Discontinuation: what the withdrawal trial found
Aronne LJ et al., JAMA 2024, n=670 (NCT04660643). After a 36-week open-label lead-in, participants randomised to placebo regained ~14% of body weight over the following 52 weeks; those who continued lost a further ~5%. This is the single most important trial for understanding the true cost of treatment.
Questions to ask your clinician
- Given my history — specifically thyroid, pancreatic and gallbladder — is a GLP-1 appropriate for me at all?
- What baseline laboratory work will you order before I start?
- What is my target dose, and how quickly will we escalate?
- Which side effects should make me call you rather than wait it out?
- What is the plan for maintenance, and what happens if I stop?

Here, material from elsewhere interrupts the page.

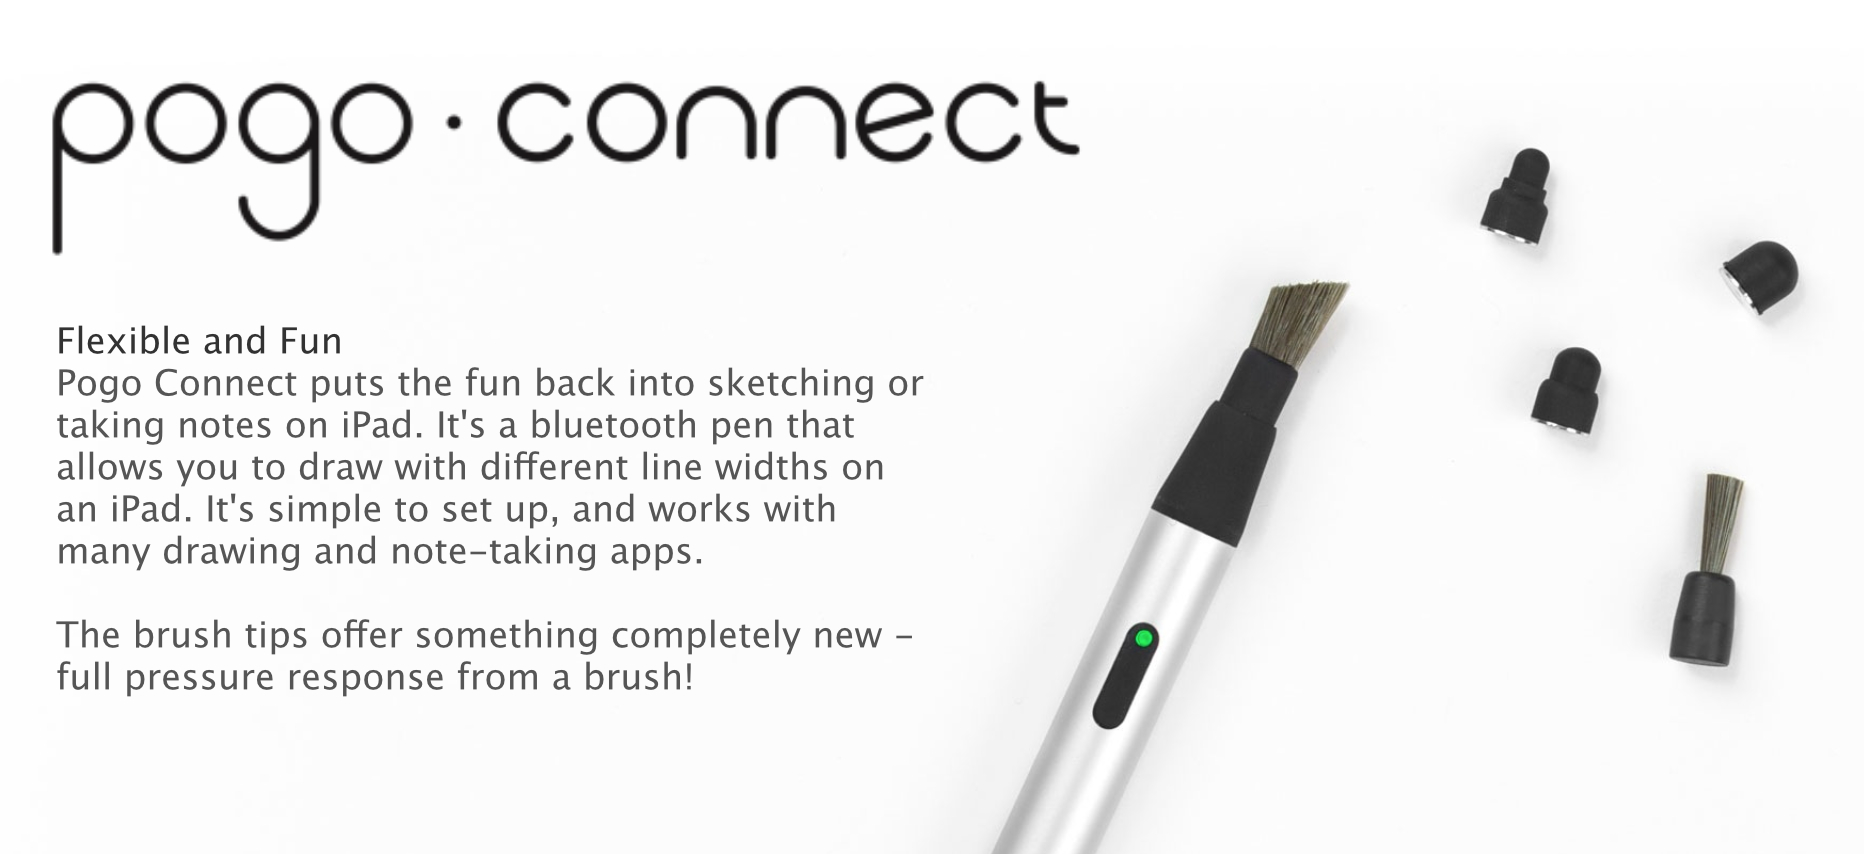 pogoconnect0009.jpg

- Will I see the same clinician at each follow-up, or a different one each time?
Compounded, brand, microdose, ODT — four different products
These words are used interchangeably in marketing and they are not interchangeable at all. The distinction decides what evidence applies to what you are actually buying.

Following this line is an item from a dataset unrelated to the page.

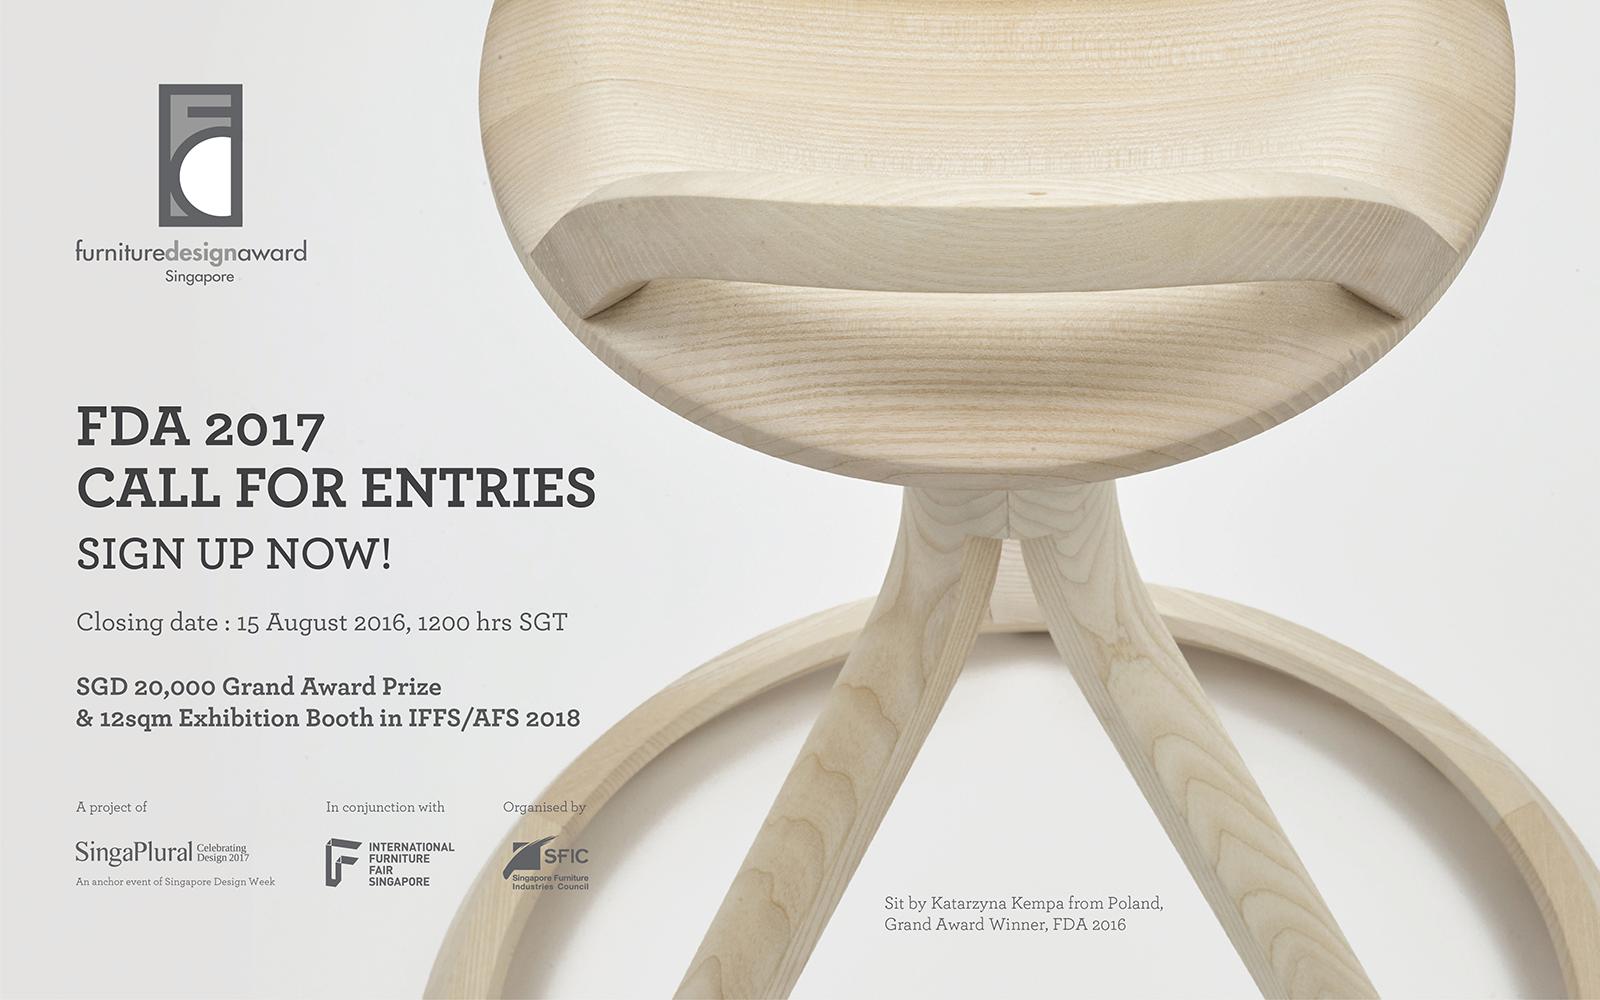 Furniture design award 2017 artconnect for Chair design awards

| Product | Regulatory status | Trial evidence |
|---|---|---|
| Brand Zepbound / Mounjaro (injection) | FDA-approved. Reviewed for safety, effectiveness and quality before marketing. | Direct. SURMOUNT and SURPASS tested exactly this product. |
| Brand Foundayo (oral, orforglipron) | FDA-approved. Its own trial programme. | Direct, for that product. |
| Compounded Semaglutide (injection, full dose) | NOT FDA-approved. No premarket review of safety, effectiveness or quality. | None for the compounded product itself. Same molecule, same route — but the product in your hand was never in a trial. |
| Microdose (~1 mg/wk) | NOT FDA-approved. | None. Sits BELOW every dose in SURMOUNT (5/10/15 mg). Expect a smaller effect. |
| ODT / oral compounded | NOT FDA-approved. | NONE. No trial has ever tested it. Oral bioavailability for these peptides is a real pharmacological problem and is unpublished for this product. |
The evidence is strong exactly where it was gathered and silent everywhere else. The gap between those two things is where most of the marketing in this industry operates, and recognising it is the single most useful skill a patient in this market can have.